Tuesday, 09 October
Bridging Theory and Practice: LEARNing Landscapes
Type: Best Practices Session Topic: Content Development
3:25 PM-3:45 PM
Authors: Lynn Butler-Kisber, McGill University, Canada
Mary Stewart, LEARN, Canada
Abstract: This presentation will appeal to individuals who are interested in the question of how to balance technological efficiency with academic rigor, artfulness, inclusion, and multiple perspectives and voices. We will examine these aspects through the lenses of our experiences as editor and managing editor of an open access, peer-reviewed education journal that was founded six years ago. Specifically, we will share how and why the journal was launched and the theoretical underpinnings that guide our work. We will show with examples how we opted to use technology in effective ways, the growth and changes that have occurred since the journal’s inception, and the lessons we are learning as we move forward. We will link this discussion to the broader question of how to facilitate online educational experiences that reflect ethical and accessible social constructivist practices.
Wednesday, 10 October
Social Constructivism and Professional Development for Online Teachers
Type: Best Practices Session Topic: Research
11:55 AM-12:15 PM
Authors: Michael Canuel, LEARN Quebec, Canada
Abstract: This session will focus on the process which led to the development of LEARN’s method of teacher professional development, the online and offline techniques utilized, as well as examples of the skills acquired by the online teachers and the evolution of their virtual classroom methodology. LEARN’s professional development program employs social constructivist-based strategies and integrated principles of inquiry, collaboration, and reflection as a self-modeling means of presenting alternative learning paths for the virtual school teachers. . Modeling best educational practice as part of the professional development of online teachers who subsequently integrate this practice into their virtual classroom methodology represents an approach LEARN has embraced over the last three years and which forms part of the ongoing research in which it is involved.

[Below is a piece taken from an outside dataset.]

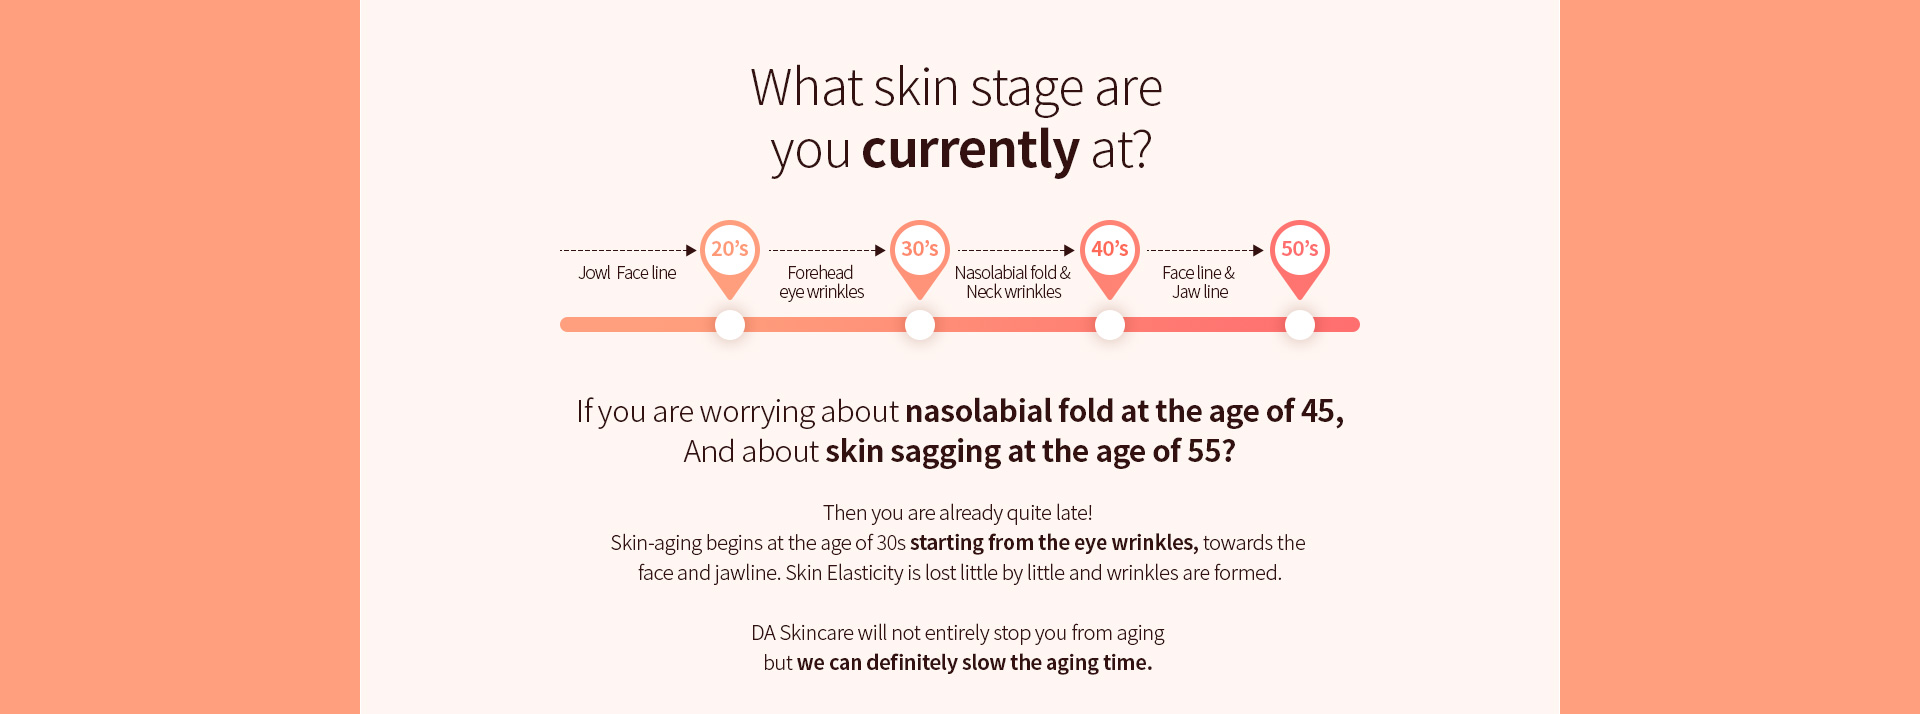 Then you are already quite late! Skin-aging begins at the age of 30s starting from the eye wrinkles, towards the face and jawline. Skin Elasticity is lost little by little and wrinkles are formed.

Supporting Virtual Classroom Success
Type: Best Practices Session Topic: Social & Cultural Issues
11:55 AM-12:15 PM
Authors: Velvet Weems-Landingham, Kent State University, United States
Abstract: Virtual classrooms are comprised of teachers and students using technology to varying degrees to complete interdependent performance objectives across locational, temporal, and relational boundaries. Despite mounting research, the implementation of virtual class environments far supersedes efforts to understand behaviors contributing to their success. This “best practices session” proposes instructor support behaviors associated with positive online student experiences. Issues associated with success were derived from a larger qualitative, exploratory research project. A total of 177 critical incidents were gathered from 13 virtual leaders across the United States and Canada to determine issues relate to success as perceived by members/followers. Discriminate analysis revealed four such behaviors: availability, competence, empathy, and facilitative interaction. Salient examples of these issues as they relate to teacher/student exchanges are given along with design, development and implementation suggestions to help in their resolve.

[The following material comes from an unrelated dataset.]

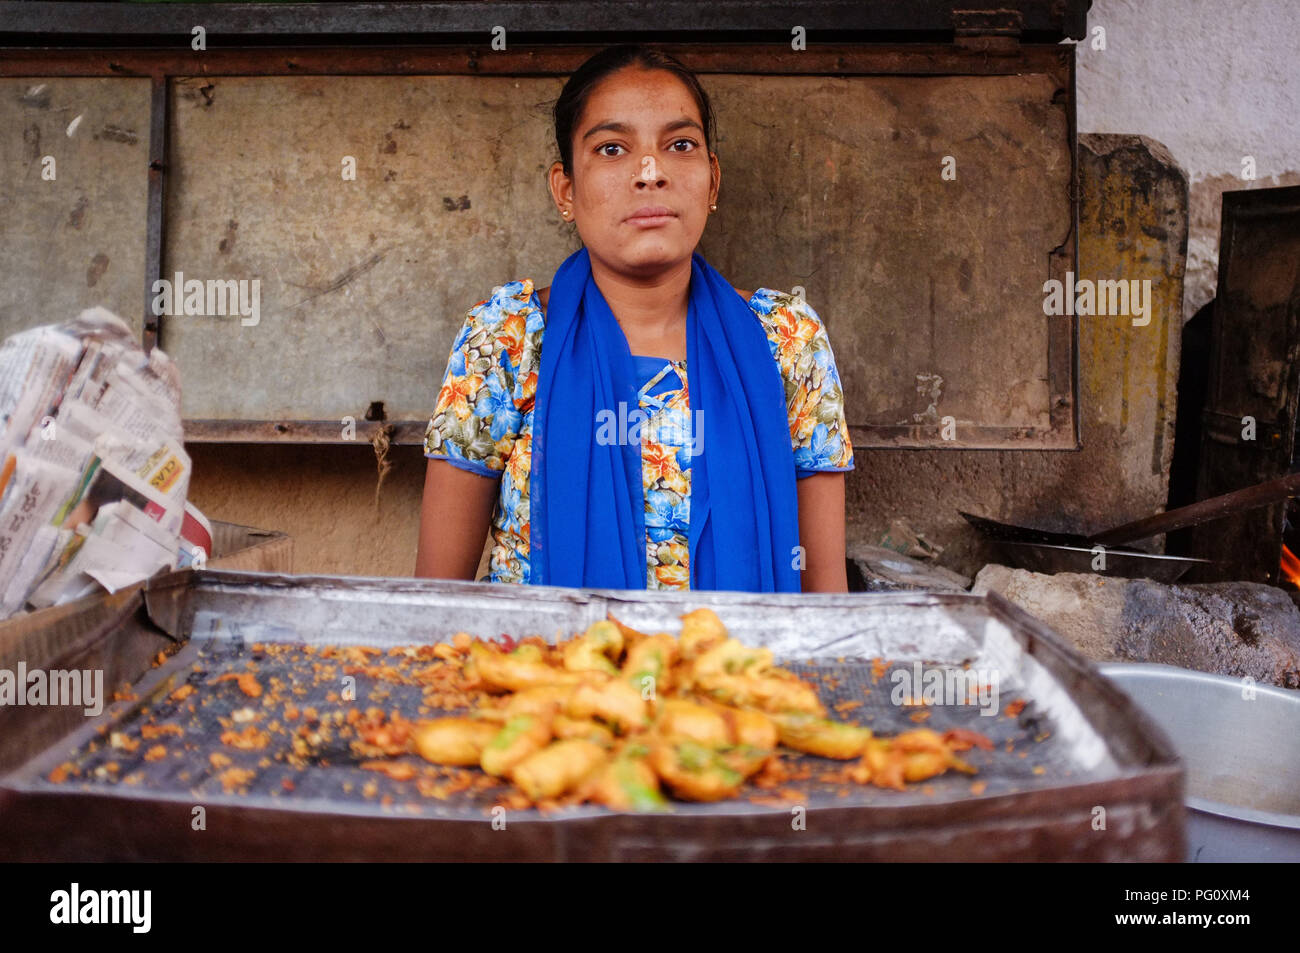 HAMPI, INDIA - JANUARY 27, 2015: Portrait of young Indian woman selling pakora on street stall in India. Stock Photo

Development of a Promotion Model on the Digitization of Education in K-12 —A Report on the Progress at a University-Affiliated Elementary School—
Type: Brief Paper Topic: Tools & Systems
2:10 PM-2:30 PM
Authors: Takeshi Morishita, Shinshu University, Japan
Yoshinori Higashibara, Shinshu University, Japan
Abstract: This paper is a progress report on the digitization of education in a Shinshu University-affiliated elementary school. We became a promoter and set up a promotion team, studied the trends related to the digitization of education, listened to teachers, and designed and installed network and Information and Communication Technology (ICT) hardware. In addition, we set up a project and completed the infrastructure for education using ICT for a short term of about three months. The last aim of this study is to develop a model for the digitization of education in schools. We will practice in an open class using ICT based on the network infrastructure and ICT hardware described in this paper by the end of this year.
Thursday, 11 October
Facilitating interaction and engagement of teachers in online learning networks: Lessons learned from the BCT Network
Type: Brief Paper Topic: Research
10:40 AM-11:00 AM
Authors: Gyeong Mi Heo, CEFRIO, Canada
Abstract: This paper investigates how teachers interact with each other and engage in collaborative activities in a professional learning network for elementary school teachers in Quebec and discusses lessons learned from the BCT Network regarding key features for facilitating teachers’ interaction and engagement in the online learning network.
A Blended Approach to Canadian First Nations Education: The Sunchild E-Learning Community
Type: Brief Paper Topic: Evaluation
11:55 AM-12:15 PM
Authors: Norman Vaughan, Mount Royal University, Canada
Martin Sacher, Sunchild E-Learning Community, Canada
Mavis Sacher, Sunchild E-Learning Community, Canada
Abstract: The purpose of this research study was to investigate if and how a blended approach to Canadian First Nations education could be used to foster student engagement and success. The study examined the Sunchild E-Learning Community program (2012) through the lens of the Seven Principles of Effective Teaching (Chickering & Gamson, 1999). Data was collected via an online survey, interviews, and site visits. The study participants indicated that the deliberate and intentional integration of local learning centers and mentors with online teachers, who provide synchronous tutorials through the use of a web-based learning management system and conferencing tool, was the key to academic success.